Cloud9

A Hadoop toolkit for working with big data

This page presents solutions for the Boolean retrieval exercise. The main class for performing retrieval is edu.umd.cloud9.example.ir.BooleanRetrieval. Assuming the inverted index has already been constructed and resides on HDFS, the command-line invocation is as follows:

$ hadoop jar target/cloud9-X.Y.Z-fatjar.jar edu.umd.cloud9.example.ir.BooleanRetrieval \
   -index index -collection bible+shakes.nopunc

In this case, we're reading indexes directly from HDFS. Alternative, you can copy the indexes local and use Maven to launch the program:

$ mvn exec:java -Dexec.mainClass=edu.umd.cloud9.example.ir.BooleanRetrieval -Dexec.args="-index index -collection data/bible+shakes.nopunc"
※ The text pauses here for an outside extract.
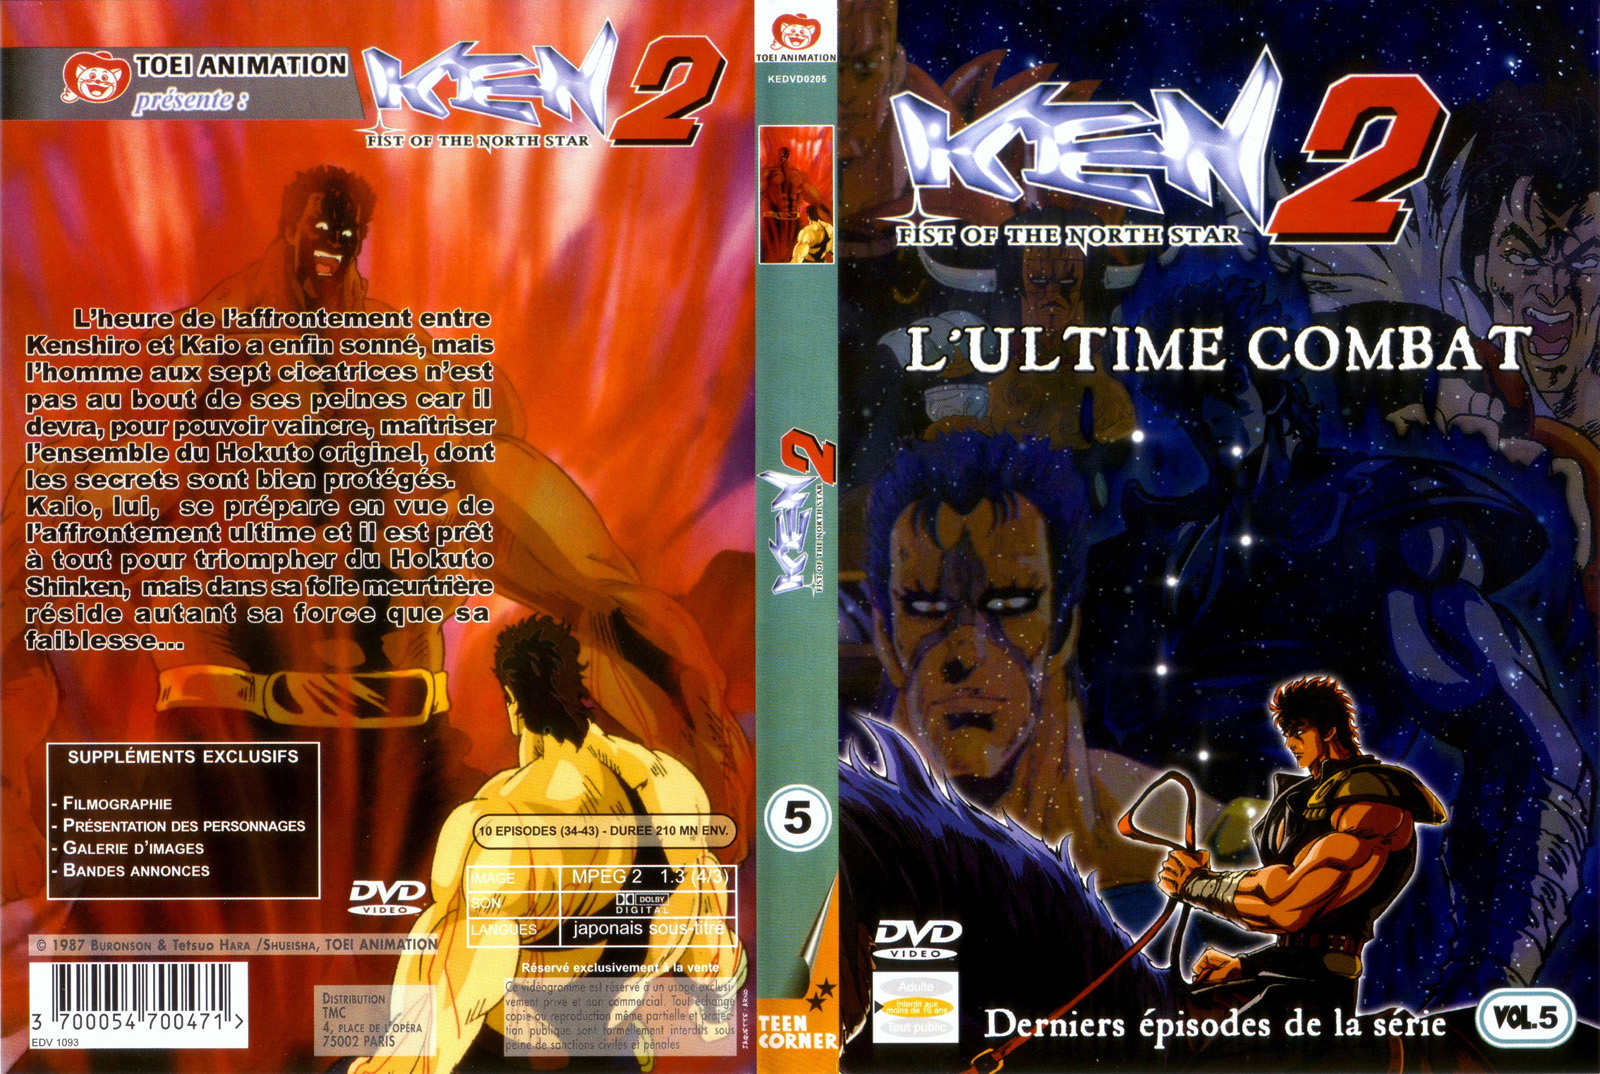 Jaquette DVD Ken 2 vol 5
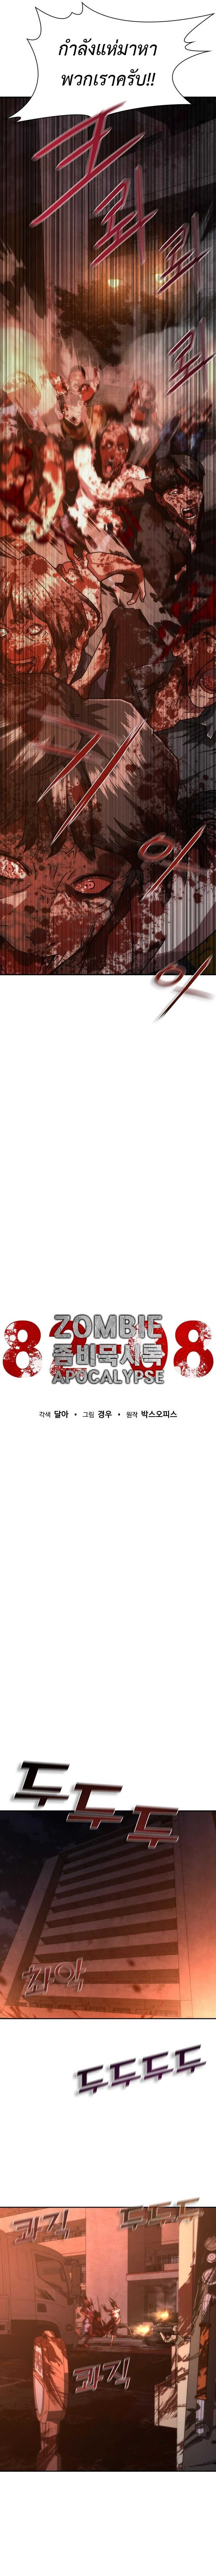 Zombie Apocalypse 17 04

Here are the results for the test queries:

Query: means AND deceit
Reverse Polish Notation: means deceit AND

6870153	 who makes the fairest show means most deceit
8135048	 who cannot steal a shape that means deceit

Query: (white OR red ) AND rose AND pluck
Reverse Polish Notation: white red OR rose AND pluck AND

7841087	 from off this brier pluck a white rose with me
7841229	 pluck a red rose from off this thorn with me
7841354	 i pluck this white rose with plantagenet
7841396	 suffolk i pluck this red rose with young somerset
7842315	 in sign whereof i pluck a white rose too

Query: (unhappy OR outrageous OR (good AND your)) AND fortune
Reverse Polish Notation: unhappy outrageous OR good your AND OR fortune AND

4442172	 the slings and arrows of outrageous fortune
5167827	 friar laurence unhappy fortune by my brotherhood
7110114	 tender your own good fortune